I understand that letter r and g are not being detected because of the code just checks if it is the first character in part1 or part2.
However I do not fully understand how could we fix the previous code to let it handle this case, could you help me please?
Besides I have also researched and found this post which describes some exercises' javascript solutions:
CodeWars/ Merged String Checker
I tried to write the recursive one without looking at the solution, and I came up with:
public class StringMerger {
public static boolean isMerge(String s, String part1, String part2) {
System.out.println("\n\ns: "+s);
System.out.println("part1: "+part1);
System.out.println("part2: "+part2);
if(s.length()!= (part1.length()+part2.length()) ){
System.out.println("lengths are different");
return false;
}
if(s.length()==0) {
System.out.println("s.length is 0");
return true;
}
if(part1.length()>0 && s.charAt(0)==part1.charAt(0)){
System.out.println("s first char is part1 first char");
isMerge(s.substring(1),part1.substring(1),part2);
}
if(part2.length()>0 && s.charAt(0)==part2.charAt(0)){
System.out.println("s first char is part2 first char");
isMerge(s.substring(1),part1,part2.substring(1));
}
return false;
}
}
Why does the previous one fail the following tests?
import org.junit.Test;
import static org.junit.Assert.*;
public class StringMergerTest {
@Test
public void normalHappyFlow() {
assertTrue("codewars can be created from code and wars", StringMerger.isMerge("codewars", "code", "wars"));
assertTrue("codewars can be created from cdwr and oeas", StringMerger.isMerge("codewars", "cdwr", "oeas"));
assertFalse("Codewars are not codwars", StringMerger.isMerge("codewars", "cod", "wars"));
}
@Test
public void suffledPartsLetters(){
assertTrue("",StringMerger.isMerge("Can we merge it? Yes, we can!","nwe me?s, e cn","Ca erg it Yewa!"));
}
}
I expected that when all letters are matched with part1 or part2 letters, and s is empty with length 0, it would output true.

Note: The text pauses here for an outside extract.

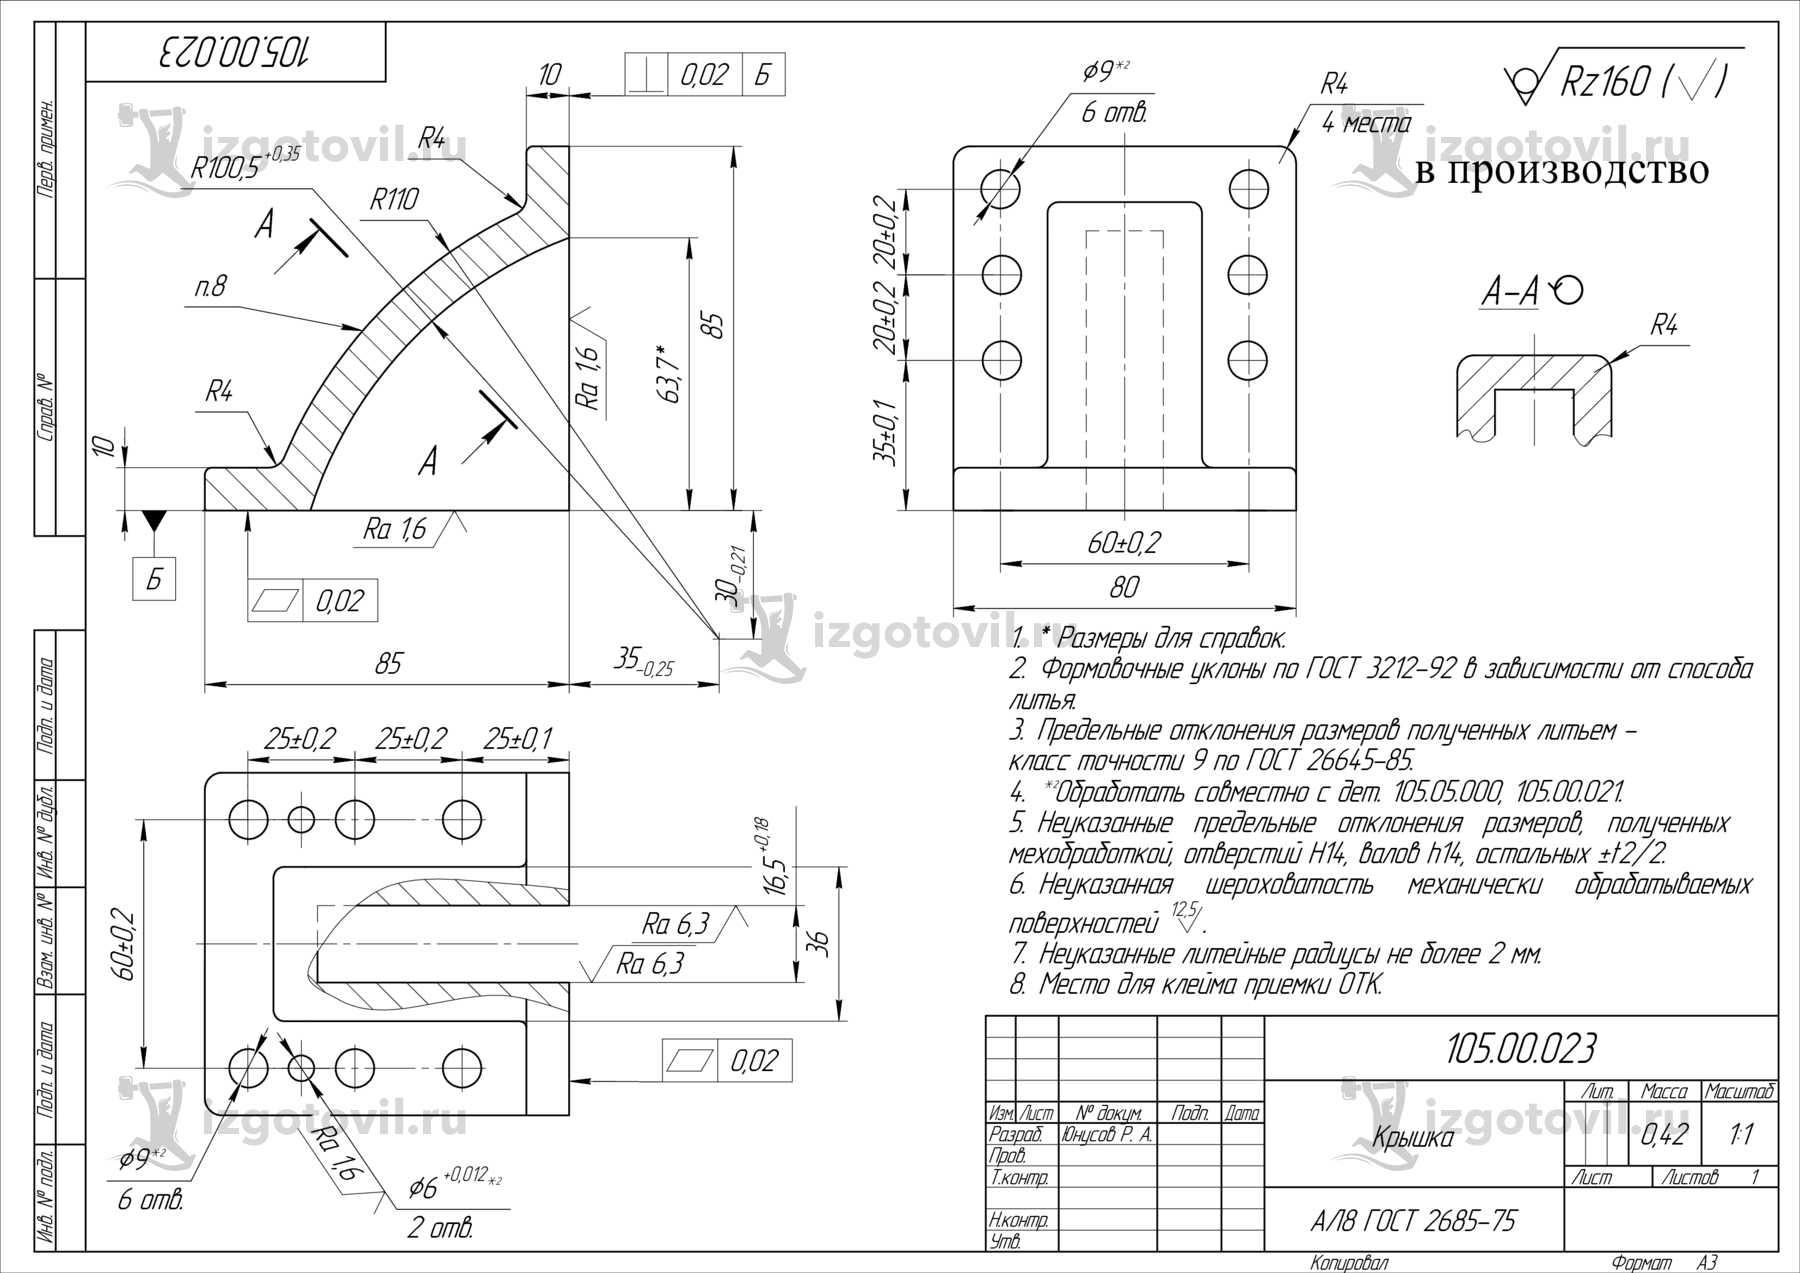 Изготовление деталей на станках (детали).

However it outputs false even when it detects s.length is 0.
The trace is:
s: codewars
part1: code
part2: wars
s first char is part1 first char
s: odewars
part1: ode
part2: wars
s first char is part1 first char
s: dewars
part1: de
part2: wars
s first char is part1 first char
s: ewars
part1: e
part2: wars
s first char is part1 first char
s: wars
part1:
part2: wars
s first char is part2 first char
s: ars
part1:
part2: ars
s first char is part2 first char
s: rs
part1:
part2: rs
s first char is part2 first char
s: s
part1:
part2: s
s first char is part2 first char
s:
part1:
part2:
s.length is 0
How could we also fix the previous code? And why does it fails to pass the tests?
I have also read:
Best way to convert an ArrayList to a string ConcurrentModificationException for ArrayList java : remove words from ArrayList<String> Removing items from a list Converting array to list in Java Checking if a string is empty or null in Java
Upvotes: 2
Views: 415
Answers (6)
Reputation: 17805
This is tricky when part1 and part2 both have same characters at certain index. We can't guarantee which one would match later. So, this is like a binary tree where we have 2 options at each stage in case of clash.
Only way to find out is to explore both options. So you create a queue which holds an integer array of size 2. First index moves part1's pointer and second index moves part2's pointer in case of a match. If we reach a stage where both have reached their lengths completely and if current iteration character in String is also last, we return true, else we return false.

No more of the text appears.